_Work order_
Give back only the lines in the records below from the one with "Rescue Rina" to the one with "Sergio Rodrigues (1927-2014)", both inclusive, word for word.

_Data records_

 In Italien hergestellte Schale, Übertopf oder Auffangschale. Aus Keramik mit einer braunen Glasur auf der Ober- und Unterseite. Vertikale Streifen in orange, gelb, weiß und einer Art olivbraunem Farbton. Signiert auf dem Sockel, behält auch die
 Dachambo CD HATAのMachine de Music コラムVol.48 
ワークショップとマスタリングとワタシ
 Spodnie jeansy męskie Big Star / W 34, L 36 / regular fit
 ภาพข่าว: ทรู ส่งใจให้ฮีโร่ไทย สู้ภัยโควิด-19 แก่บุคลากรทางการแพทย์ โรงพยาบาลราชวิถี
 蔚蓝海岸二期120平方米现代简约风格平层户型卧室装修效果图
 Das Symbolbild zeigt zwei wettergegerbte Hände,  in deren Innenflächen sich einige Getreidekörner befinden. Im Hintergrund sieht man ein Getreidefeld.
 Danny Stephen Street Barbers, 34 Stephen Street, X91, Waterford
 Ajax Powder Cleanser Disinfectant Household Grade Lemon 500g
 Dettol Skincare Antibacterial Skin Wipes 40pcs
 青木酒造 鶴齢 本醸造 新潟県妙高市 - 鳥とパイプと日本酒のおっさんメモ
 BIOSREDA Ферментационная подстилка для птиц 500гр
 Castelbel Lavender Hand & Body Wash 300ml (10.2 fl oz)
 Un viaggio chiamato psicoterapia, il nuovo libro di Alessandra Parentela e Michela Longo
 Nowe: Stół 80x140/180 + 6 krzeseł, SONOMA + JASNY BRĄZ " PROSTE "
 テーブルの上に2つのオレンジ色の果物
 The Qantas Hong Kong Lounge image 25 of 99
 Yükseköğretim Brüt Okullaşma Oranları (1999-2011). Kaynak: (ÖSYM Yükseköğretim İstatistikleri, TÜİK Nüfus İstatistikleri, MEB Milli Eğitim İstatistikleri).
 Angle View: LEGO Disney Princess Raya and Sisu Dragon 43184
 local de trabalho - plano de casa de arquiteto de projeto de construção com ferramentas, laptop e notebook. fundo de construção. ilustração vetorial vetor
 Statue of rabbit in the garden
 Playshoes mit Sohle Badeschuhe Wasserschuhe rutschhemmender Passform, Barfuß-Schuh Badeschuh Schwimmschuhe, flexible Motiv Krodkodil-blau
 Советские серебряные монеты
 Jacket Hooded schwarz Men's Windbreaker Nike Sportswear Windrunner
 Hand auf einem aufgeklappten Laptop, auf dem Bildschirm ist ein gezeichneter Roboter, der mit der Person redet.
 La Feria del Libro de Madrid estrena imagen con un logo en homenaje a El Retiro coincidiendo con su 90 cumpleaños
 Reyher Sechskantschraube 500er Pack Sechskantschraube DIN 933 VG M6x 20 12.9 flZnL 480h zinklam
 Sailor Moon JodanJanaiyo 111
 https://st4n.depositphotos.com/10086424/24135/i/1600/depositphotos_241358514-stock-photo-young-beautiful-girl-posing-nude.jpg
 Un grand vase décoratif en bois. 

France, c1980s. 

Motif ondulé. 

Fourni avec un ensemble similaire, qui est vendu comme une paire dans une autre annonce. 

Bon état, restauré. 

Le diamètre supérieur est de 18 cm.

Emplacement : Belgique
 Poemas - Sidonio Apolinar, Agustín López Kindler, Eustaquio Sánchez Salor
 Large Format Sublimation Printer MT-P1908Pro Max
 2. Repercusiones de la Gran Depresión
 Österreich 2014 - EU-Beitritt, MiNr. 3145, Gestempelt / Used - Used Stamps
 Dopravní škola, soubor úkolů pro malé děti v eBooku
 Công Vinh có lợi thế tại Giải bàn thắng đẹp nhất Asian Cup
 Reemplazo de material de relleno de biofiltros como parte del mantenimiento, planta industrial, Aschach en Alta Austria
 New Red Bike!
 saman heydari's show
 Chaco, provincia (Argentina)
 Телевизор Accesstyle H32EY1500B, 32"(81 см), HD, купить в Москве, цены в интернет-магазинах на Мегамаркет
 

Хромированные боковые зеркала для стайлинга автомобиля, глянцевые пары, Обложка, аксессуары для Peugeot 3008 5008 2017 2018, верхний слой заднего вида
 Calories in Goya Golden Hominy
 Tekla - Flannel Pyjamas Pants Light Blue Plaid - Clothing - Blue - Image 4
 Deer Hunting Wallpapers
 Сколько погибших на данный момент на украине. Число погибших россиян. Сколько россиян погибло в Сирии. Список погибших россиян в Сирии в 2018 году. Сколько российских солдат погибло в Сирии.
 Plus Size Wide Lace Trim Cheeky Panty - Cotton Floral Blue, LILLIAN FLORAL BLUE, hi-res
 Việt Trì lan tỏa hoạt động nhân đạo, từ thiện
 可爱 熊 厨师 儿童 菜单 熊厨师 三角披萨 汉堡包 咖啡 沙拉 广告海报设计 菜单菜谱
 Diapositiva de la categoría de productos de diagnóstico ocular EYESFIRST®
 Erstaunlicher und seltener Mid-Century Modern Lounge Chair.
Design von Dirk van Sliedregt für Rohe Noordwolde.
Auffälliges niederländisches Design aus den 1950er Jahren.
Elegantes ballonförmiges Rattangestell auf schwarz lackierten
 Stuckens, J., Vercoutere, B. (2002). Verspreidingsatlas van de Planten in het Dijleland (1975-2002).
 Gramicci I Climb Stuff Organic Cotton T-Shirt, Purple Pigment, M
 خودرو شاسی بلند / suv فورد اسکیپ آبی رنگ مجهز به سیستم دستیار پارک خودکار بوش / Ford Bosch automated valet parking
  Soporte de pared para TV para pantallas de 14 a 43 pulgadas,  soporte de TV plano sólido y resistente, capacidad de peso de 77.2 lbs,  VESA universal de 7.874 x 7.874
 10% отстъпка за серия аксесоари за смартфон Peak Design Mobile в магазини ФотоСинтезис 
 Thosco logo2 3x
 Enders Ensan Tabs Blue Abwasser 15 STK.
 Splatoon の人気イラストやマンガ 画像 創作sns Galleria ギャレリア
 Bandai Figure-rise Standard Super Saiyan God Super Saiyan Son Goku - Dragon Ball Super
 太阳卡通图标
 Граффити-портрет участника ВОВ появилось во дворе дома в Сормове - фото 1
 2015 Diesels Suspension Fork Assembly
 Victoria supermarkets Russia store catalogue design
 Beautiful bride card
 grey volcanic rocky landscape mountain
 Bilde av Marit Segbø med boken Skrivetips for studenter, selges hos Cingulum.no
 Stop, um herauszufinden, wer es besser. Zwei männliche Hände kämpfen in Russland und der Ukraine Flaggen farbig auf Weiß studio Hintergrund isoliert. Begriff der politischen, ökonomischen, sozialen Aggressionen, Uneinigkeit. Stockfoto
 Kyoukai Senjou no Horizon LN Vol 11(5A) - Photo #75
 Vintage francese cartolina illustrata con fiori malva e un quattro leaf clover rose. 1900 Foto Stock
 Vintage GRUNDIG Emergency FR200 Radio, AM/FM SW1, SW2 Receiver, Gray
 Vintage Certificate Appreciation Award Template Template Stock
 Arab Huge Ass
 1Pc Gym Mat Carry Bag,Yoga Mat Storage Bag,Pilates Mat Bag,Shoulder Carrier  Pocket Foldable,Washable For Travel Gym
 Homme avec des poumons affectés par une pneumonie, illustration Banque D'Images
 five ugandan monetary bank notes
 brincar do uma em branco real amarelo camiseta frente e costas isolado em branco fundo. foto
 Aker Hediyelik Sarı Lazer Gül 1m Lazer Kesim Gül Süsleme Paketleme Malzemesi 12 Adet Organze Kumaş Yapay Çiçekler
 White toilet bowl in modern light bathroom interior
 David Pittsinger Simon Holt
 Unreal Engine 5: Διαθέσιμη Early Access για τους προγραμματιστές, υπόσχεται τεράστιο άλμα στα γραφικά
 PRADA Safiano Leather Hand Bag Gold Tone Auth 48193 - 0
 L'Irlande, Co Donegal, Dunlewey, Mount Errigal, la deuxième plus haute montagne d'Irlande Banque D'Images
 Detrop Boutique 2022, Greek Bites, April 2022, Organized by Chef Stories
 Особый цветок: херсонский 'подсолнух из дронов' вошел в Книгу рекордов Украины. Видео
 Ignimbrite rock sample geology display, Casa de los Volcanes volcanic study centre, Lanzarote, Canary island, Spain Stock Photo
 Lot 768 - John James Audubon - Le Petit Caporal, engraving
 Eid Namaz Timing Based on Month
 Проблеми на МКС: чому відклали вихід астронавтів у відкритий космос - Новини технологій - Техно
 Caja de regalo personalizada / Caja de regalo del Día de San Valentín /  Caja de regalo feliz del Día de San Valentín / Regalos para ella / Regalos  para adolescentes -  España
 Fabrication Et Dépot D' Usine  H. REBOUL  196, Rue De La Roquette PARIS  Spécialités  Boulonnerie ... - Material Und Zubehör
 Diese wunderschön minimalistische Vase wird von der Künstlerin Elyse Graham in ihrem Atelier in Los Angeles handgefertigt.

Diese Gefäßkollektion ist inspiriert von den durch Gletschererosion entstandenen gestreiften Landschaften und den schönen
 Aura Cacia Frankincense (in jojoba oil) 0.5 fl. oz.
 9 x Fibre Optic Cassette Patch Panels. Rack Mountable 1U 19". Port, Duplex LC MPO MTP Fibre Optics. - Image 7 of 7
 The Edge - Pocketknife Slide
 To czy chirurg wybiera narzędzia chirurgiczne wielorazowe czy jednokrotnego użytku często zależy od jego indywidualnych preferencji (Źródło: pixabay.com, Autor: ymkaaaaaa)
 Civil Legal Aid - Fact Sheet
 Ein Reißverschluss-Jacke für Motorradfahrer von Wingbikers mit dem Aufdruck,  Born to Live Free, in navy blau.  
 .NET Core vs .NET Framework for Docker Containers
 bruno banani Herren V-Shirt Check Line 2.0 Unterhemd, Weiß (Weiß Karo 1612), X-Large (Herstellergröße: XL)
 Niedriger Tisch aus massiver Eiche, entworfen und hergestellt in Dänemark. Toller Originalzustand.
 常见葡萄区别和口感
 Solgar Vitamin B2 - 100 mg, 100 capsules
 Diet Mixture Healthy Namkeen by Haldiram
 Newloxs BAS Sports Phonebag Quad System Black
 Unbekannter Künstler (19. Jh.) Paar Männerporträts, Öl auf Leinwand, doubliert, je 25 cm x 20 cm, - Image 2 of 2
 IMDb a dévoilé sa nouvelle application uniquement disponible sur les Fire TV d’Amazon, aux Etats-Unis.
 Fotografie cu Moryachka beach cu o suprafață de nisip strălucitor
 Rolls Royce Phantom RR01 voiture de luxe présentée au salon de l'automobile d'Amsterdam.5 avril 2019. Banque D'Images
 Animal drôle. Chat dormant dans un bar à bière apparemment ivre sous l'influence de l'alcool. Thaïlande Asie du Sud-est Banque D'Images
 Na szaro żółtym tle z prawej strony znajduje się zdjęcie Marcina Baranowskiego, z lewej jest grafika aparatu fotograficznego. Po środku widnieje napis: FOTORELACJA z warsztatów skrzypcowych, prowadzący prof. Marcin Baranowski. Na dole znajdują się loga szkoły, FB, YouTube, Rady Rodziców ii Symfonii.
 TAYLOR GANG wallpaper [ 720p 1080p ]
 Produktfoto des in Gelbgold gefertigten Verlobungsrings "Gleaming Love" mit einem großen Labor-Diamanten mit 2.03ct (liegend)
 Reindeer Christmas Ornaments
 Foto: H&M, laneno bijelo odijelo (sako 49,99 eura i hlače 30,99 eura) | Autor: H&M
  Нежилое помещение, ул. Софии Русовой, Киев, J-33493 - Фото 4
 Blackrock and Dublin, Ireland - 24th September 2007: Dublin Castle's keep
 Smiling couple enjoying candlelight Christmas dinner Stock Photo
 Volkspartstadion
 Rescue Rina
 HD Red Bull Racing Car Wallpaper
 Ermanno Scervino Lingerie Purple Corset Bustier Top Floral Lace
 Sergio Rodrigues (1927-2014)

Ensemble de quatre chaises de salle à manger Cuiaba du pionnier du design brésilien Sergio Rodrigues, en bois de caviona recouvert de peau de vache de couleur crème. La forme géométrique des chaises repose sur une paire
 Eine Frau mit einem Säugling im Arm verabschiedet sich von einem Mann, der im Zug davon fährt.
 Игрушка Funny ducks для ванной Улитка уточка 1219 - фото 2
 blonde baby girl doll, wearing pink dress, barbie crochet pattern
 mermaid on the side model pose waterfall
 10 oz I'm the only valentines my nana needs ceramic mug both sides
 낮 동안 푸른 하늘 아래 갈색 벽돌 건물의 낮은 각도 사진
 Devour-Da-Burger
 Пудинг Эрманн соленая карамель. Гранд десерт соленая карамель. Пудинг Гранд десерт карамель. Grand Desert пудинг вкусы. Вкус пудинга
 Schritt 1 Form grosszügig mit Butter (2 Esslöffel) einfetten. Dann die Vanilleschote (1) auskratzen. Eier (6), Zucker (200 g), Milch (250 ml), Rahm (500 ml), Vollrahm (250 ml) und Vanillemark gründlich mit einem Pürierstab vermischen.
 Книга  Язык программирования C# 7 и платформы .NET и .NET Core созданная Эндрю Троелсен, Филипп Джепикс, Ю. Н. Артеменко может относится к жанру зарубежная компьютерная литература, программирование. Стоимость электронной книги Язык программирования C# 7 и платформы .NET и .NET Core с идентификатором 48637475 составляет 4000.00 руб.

_Reply_
 Rescue Rina
 HD Red Bull Racing Car Wallpaper
 Ermanno Scervino Lingerie Purple Corset Bustier Top Floral Lace
 Sergio Rodrigues (1927-2014)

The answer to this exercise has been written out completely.